----- Available data

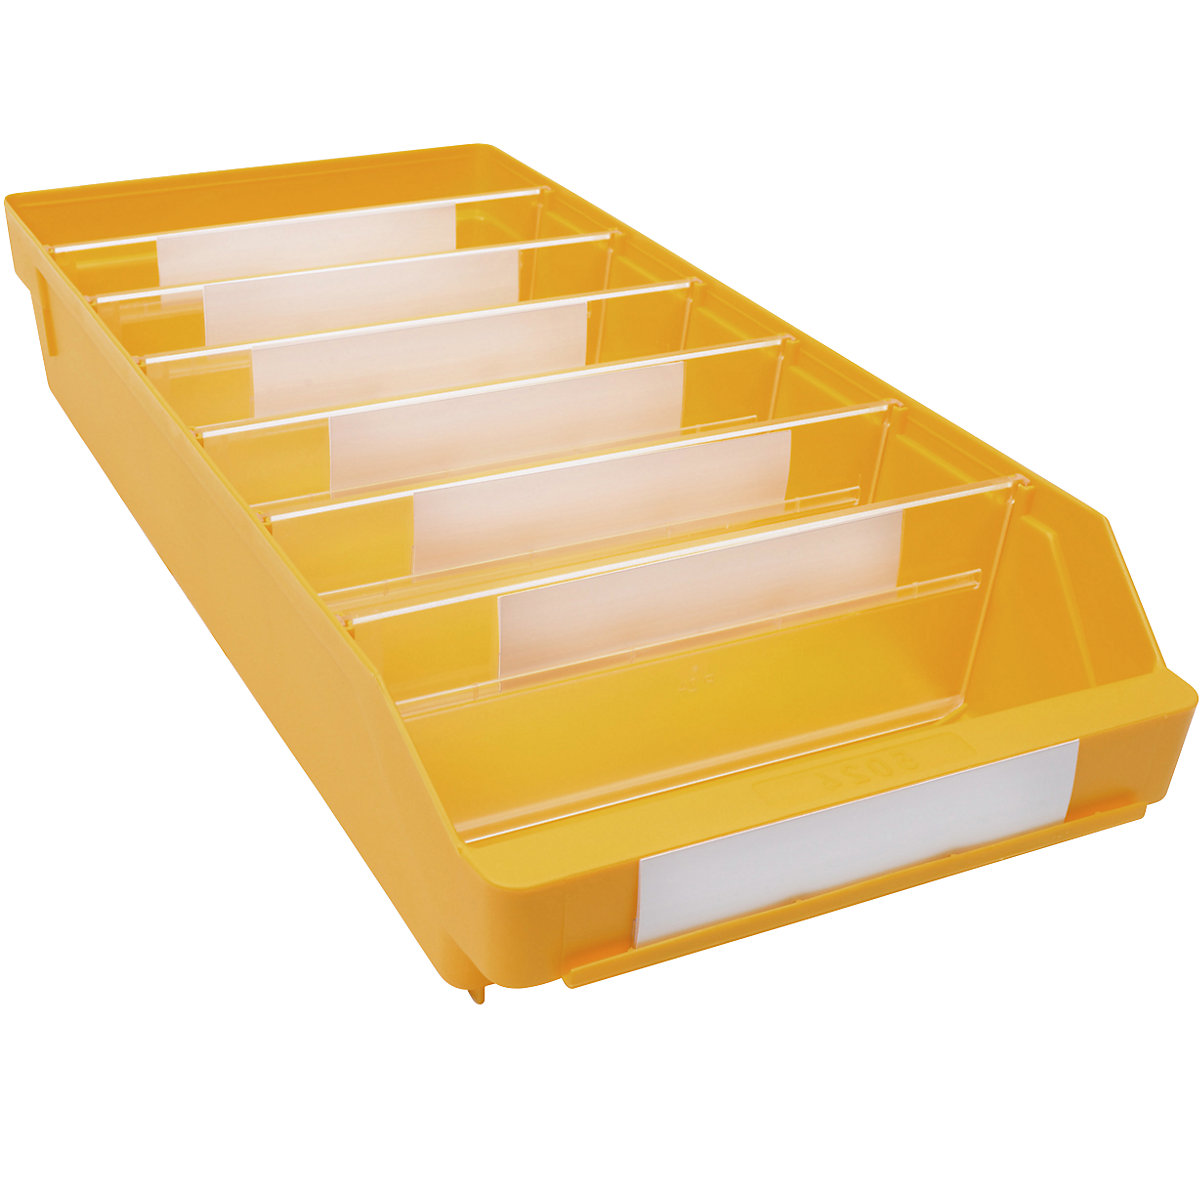 Cassettina per scaffali in polipropilene ad alta resistenza – STEMO, giallo, lungh. x largh. x alt. 500 x 240 x 95 mm, conf. da 15 pezzi-15
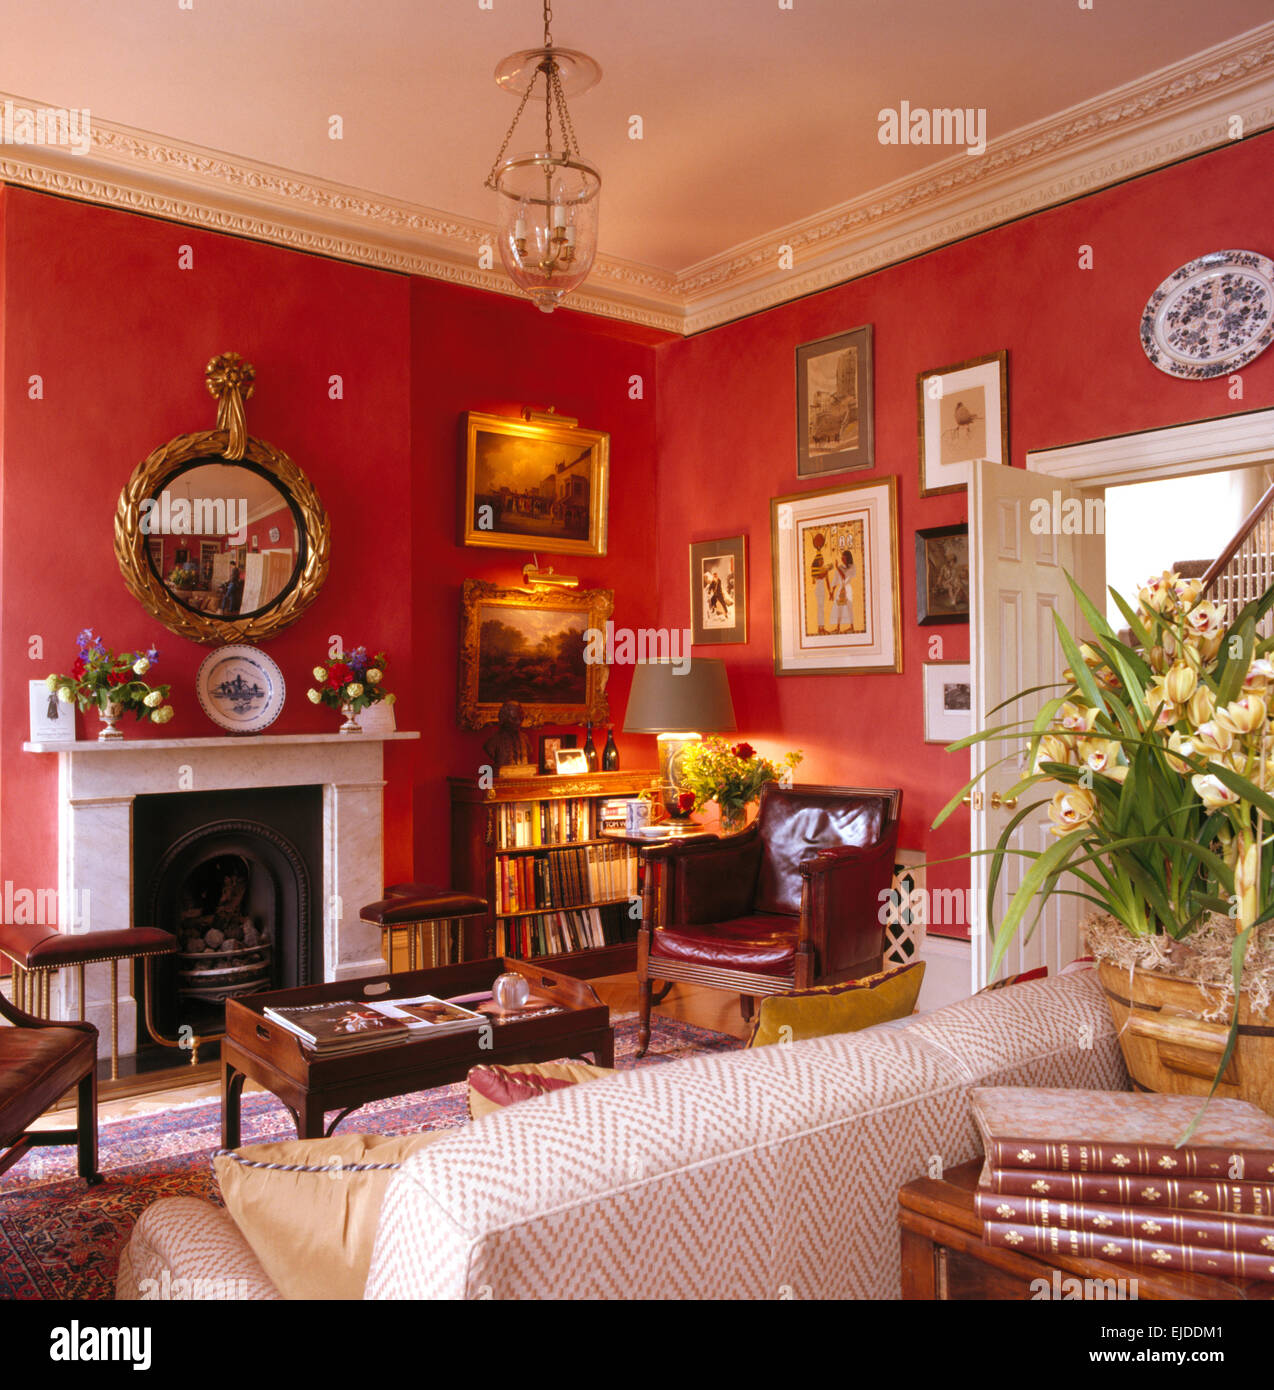 Raccolta di immagini su pareti di rosso degli anni novanta la stanza di seduta con specchio dorato sopra caminetto in marmo Foto Stock
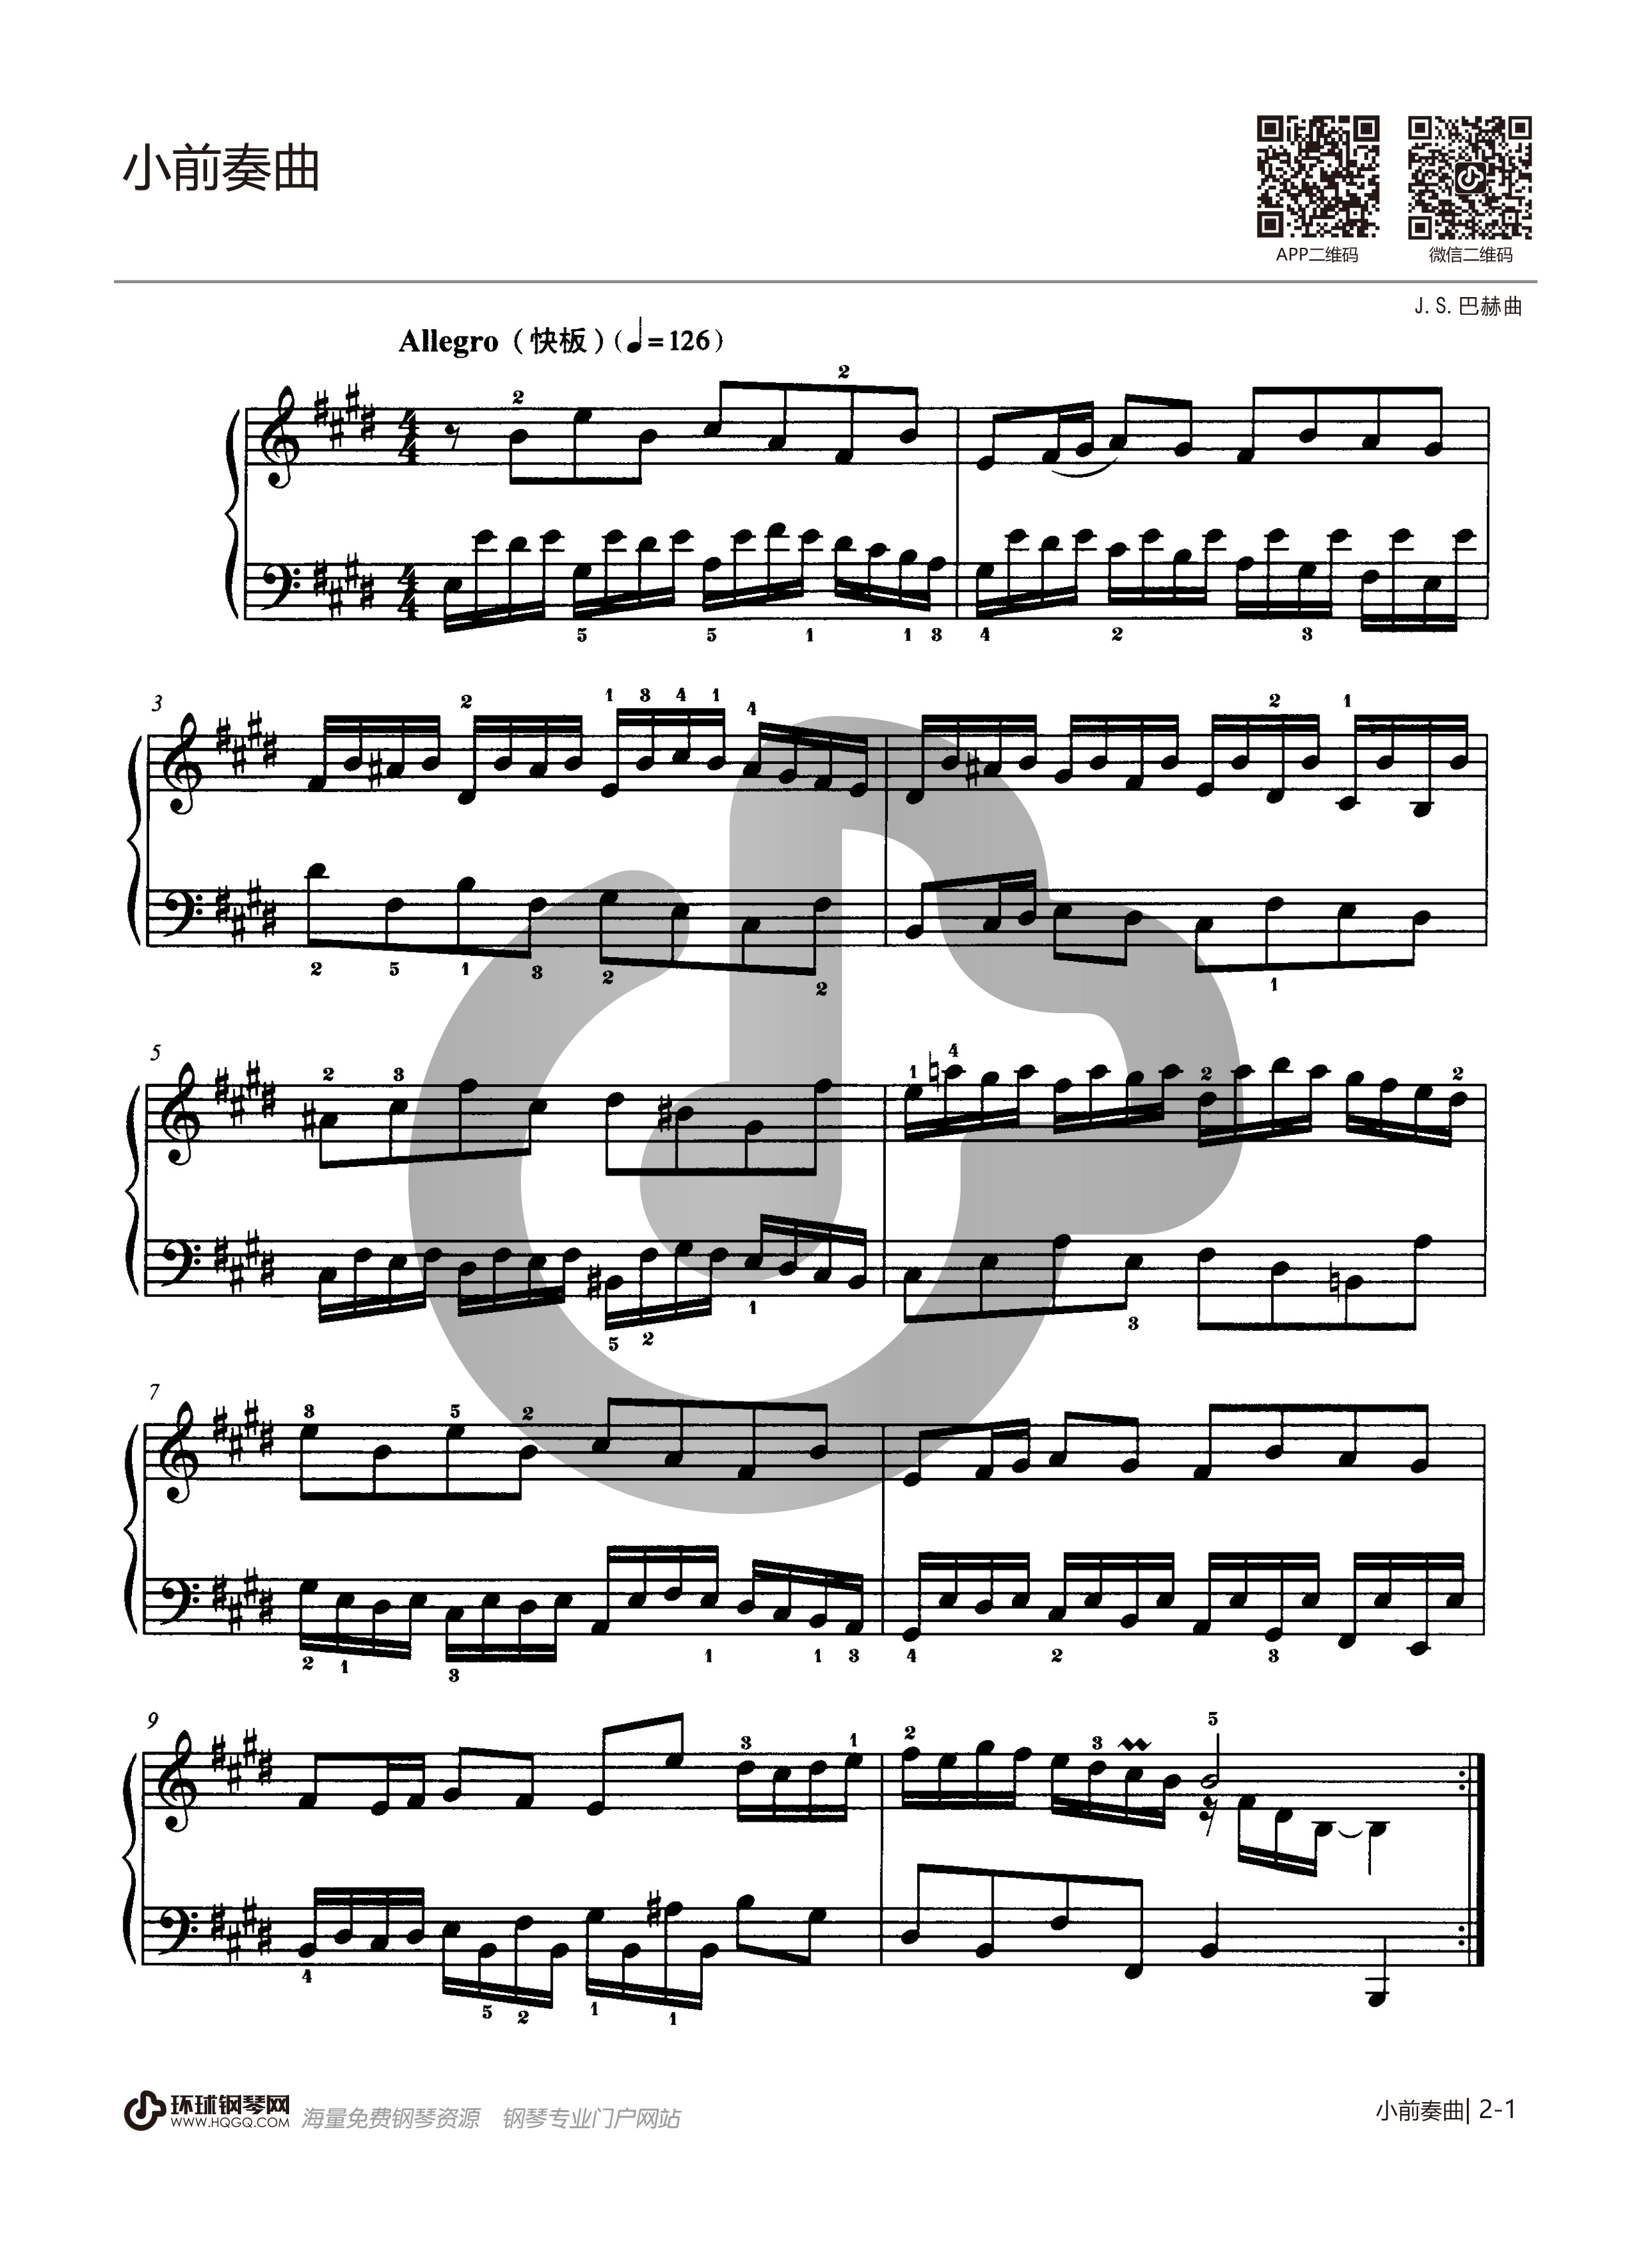 八级钢琴考级曲目第二儿童组曲的简单介绍

----------

■ **The task**: Wherever a picture appears in the listing above, drop it, and restate the rest exactly.

■ **Worked solution**:
 Cassettina per scaffali in polipropilene ad alta resistenza – STEMO, giallo, lungh. x largh. x alt. 500 x 240 x 95 mm, conf. da 15 pezzi-15
 Raccolta di immagini su pareti di rosso degli anni novanta la stanza di seduta con specchio dorato sopra caminetto in marmo Foto Stock
 八级钢琴考级曲目第二儿童组曲的简单介绍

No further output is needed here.